Неисторический материализм, или ананасы для врага народа - Елена Антонова
Шрифт:
Интервал:
Закладка:
Мать хмыкнула и ушла на кухню готовить ужин.
– А-а-а, привет, голубки, – приветствовал их Александр Павлович. – Снова воркуем? Гуля, ты не почитаешь нам какие-нибудь стихи? Мне про жажду в пустыне очень понравились, – хитро подмигнул он Сергею. Тот хохотнул, не замечая Гулиного гневного взгляда.
С кухни вернулась потрясенная мать. Гулины кулинарные произведения, которые остались в изрядном количестве, все-таки произвели на нее впечатление. Она даже согласна была проигнорировать рубашку сына на дагестанской красавице, несмотря на то, что это была явная демонстрация определенного сближения.
– Это ты все сама наготовила? – уточнила она.
– Сама, сама, – встрепенулась Гуля. – Думала, вдруг Сережа приедет, голодный, усталый, а дома никого нет. И тут я…
Из кресла в углу раздался громкий всхлип.
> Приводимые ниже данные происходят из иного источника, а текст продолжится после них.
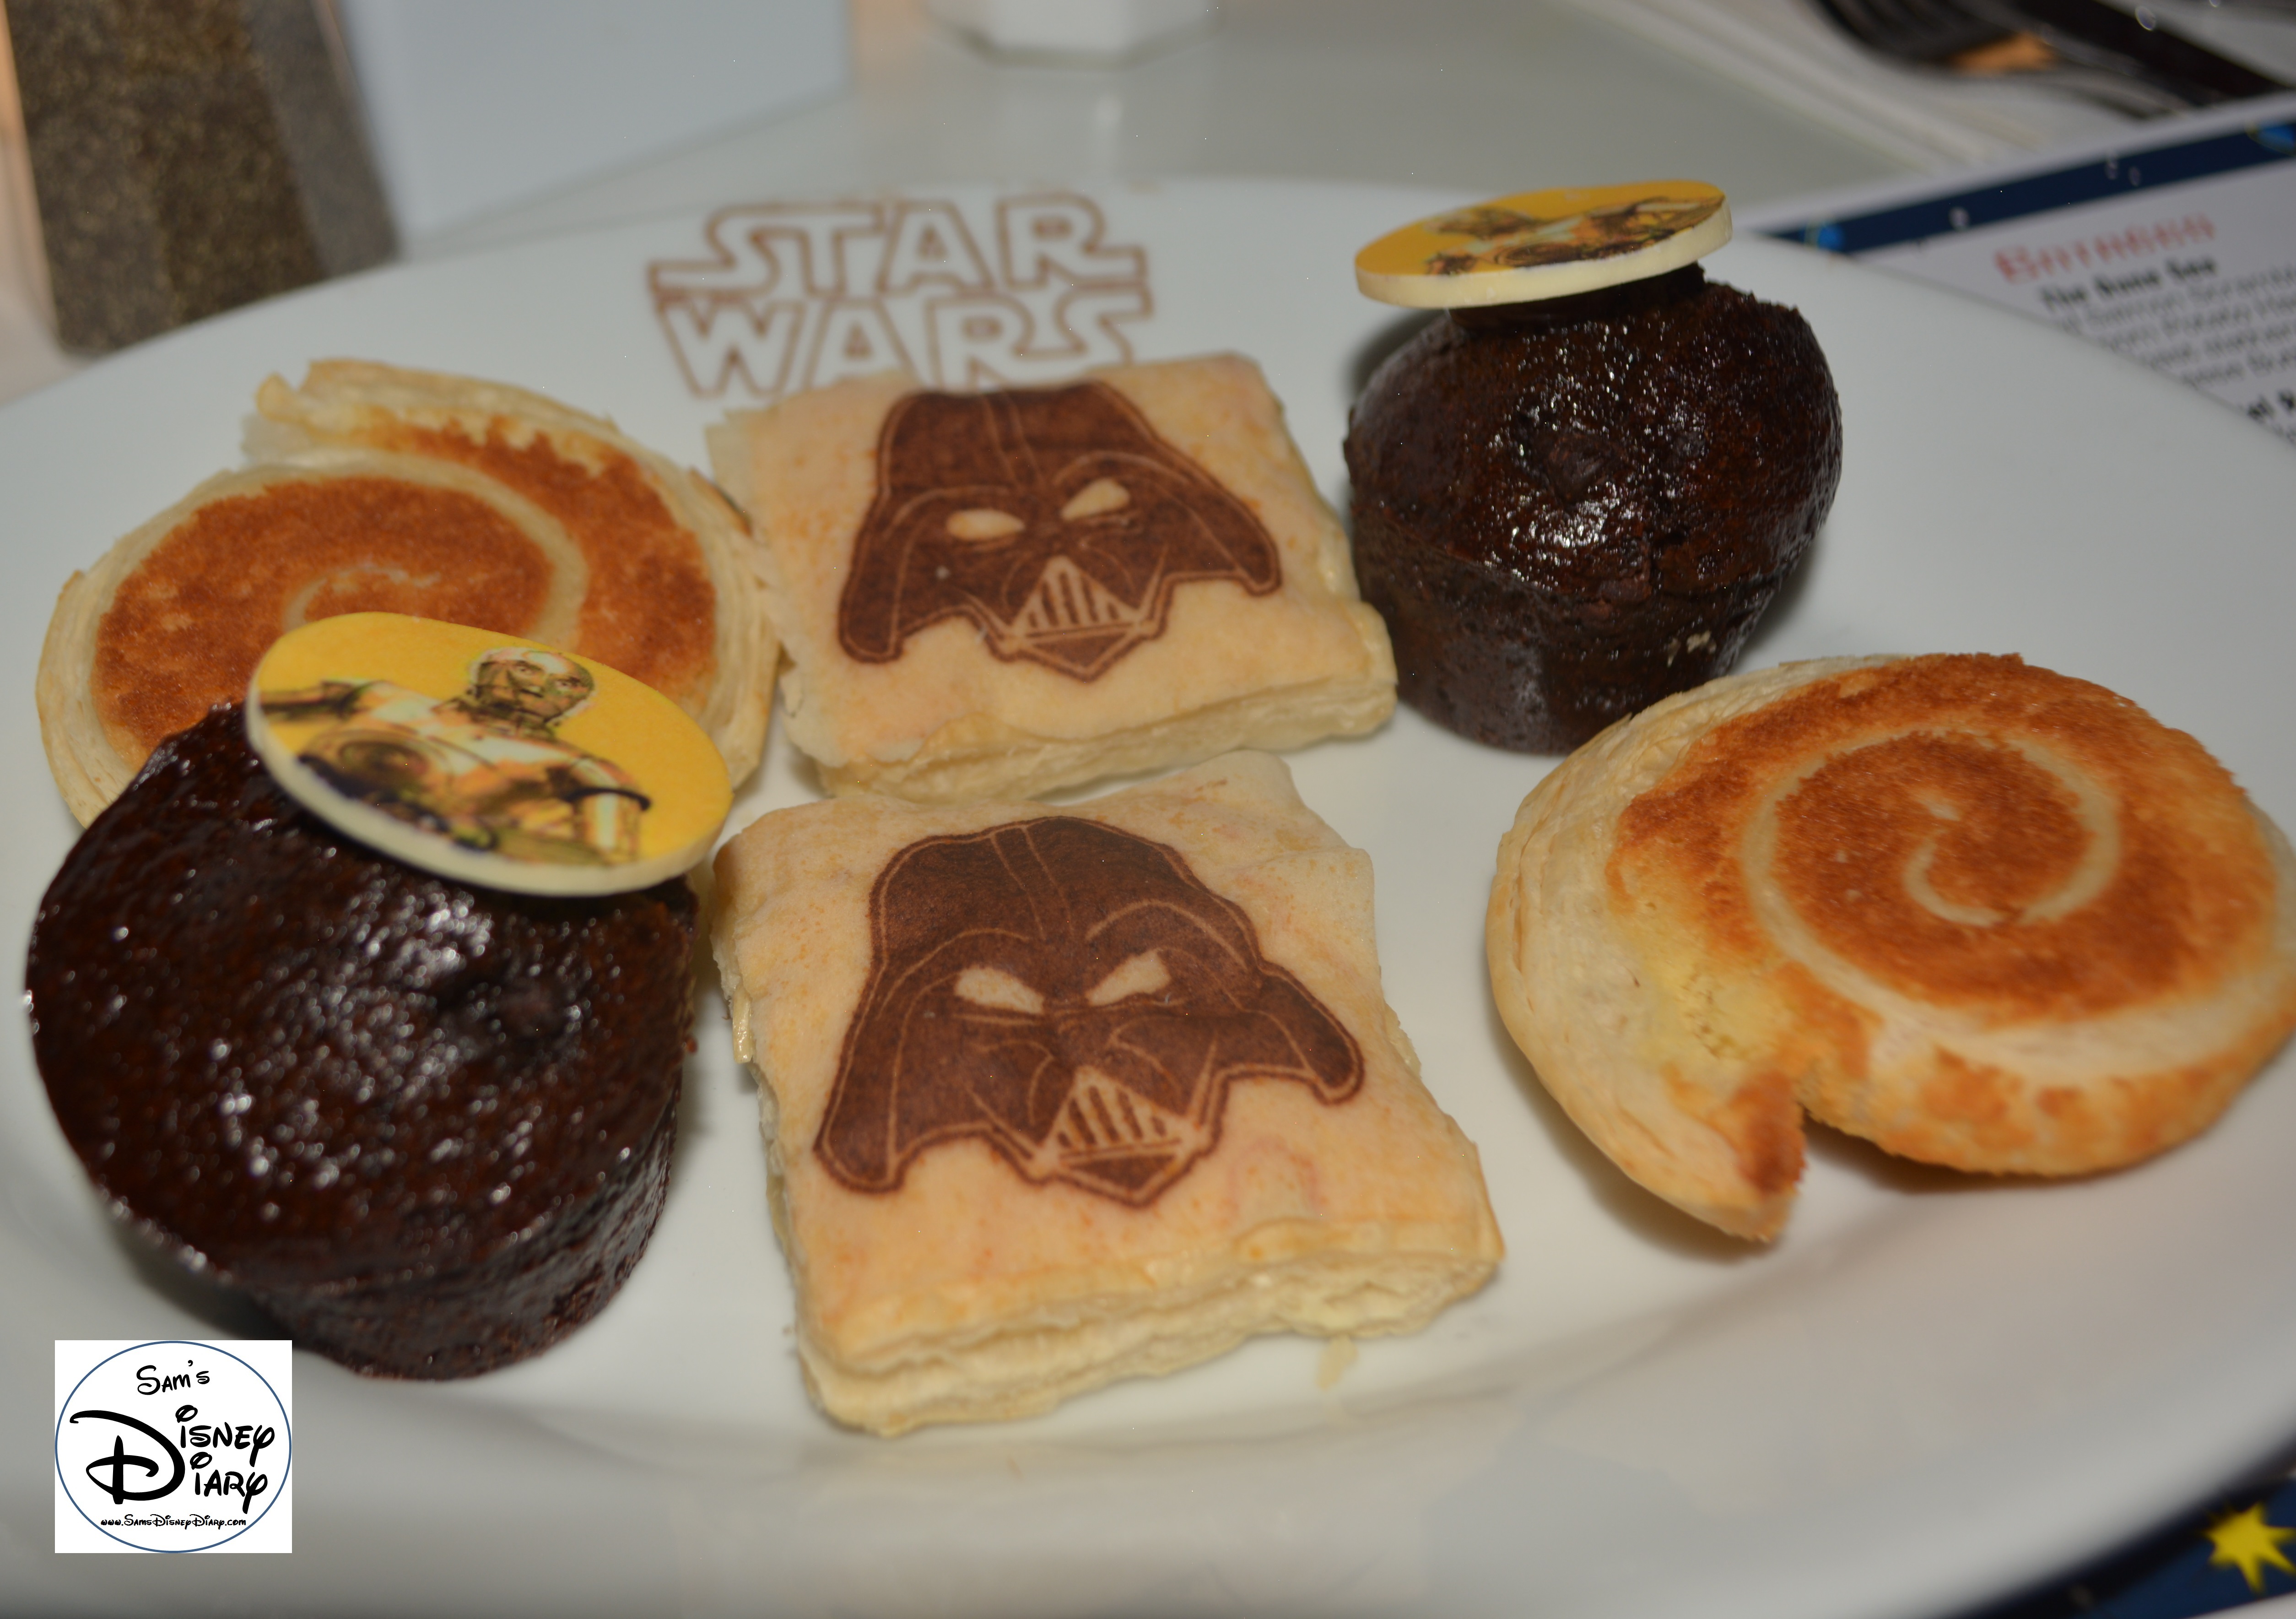 Star Wars Weekend Galactic Breakfast. Breakfast Pastries including Vanilla Cream Turnover, Almond Pastry, and Double Chocolate Muffin

Все замолчали и посмотрели туда – это верный себе Александр Павлович усиленно тер глаза, изображая растроганность.
– Я тоже пришел домой голодный, усталый, – силился он сказать, переполняемый эмоциями. – И никто, никто меня не кормит. – Он хитрым глазом посмотрел на Гулю. – Меня-то кормить будешь? – потеряв терпение, спросил он.
– Конечно, конечно, – Гуля изобразила радость и нерешительно поднялась.
Пока женщины на кухне собирали на стол, Александр Павлович испытующе посмотрел на Сергея.
– Девушка уже купила белое платье?
– Батя, – с укором сказал Сергей. – Девушка, которая приготовила обед из пяти таких блюд, заслуживает благодарности.
– Насколько долог будет процесс изъявления благодарности? – уточнил отец. – Ты на ней опять женишься?
Этого Сергей пока не знал. Гуля, конечно, пикантная дагестанская девушка, и взрывы ее ярости были даже забавны. К тому же она явно любит заботиться о нем, что позволяло Сергею томиться негой и ощущать некоторую свою значительность. А Марина так нежна… К сожалению, она очень далека от его, Сергея, настоящей жизни. А вот Катюша… Катюша хороша! И с ней можно говорить о его теперешнем двусмысленном существовании сразу в двух временных измерениях.
– Жизнь – тяжелая штука, – поведал он отцу.
Александр Павлович хмыкнул и громко потребовал супа.
На все попытки разбудить его на следующее утро Сергей протестующе мычал что-то про социалистическую законность и врагов народа. Махнув рукой, родители ушли на работу, оставив завтрак на столе. Хотя в прошлом он спал не меньше, чем в двадцать первом веке, но был вымотан эмоционально. Проспав до двенадцати, он сидел на кухне, лениво дожевывая фаршированный перец, и думал о Марине. Правда, он вынужден был признать, что Марина не умела готовить так вкусно, как Гуля. Зато каждое слово с ней было исполнено особенного значения, и она была вся такая… тоненькая, беззащитная и очень трогательная. Ее хотелось прижать, защитить… Сергей вздохнул. Ему захотелось разыскать следы Марины в настоящем. Он отключил мобильный телефон – Гуля упорно домогалась его все утро – и вышел на улицу.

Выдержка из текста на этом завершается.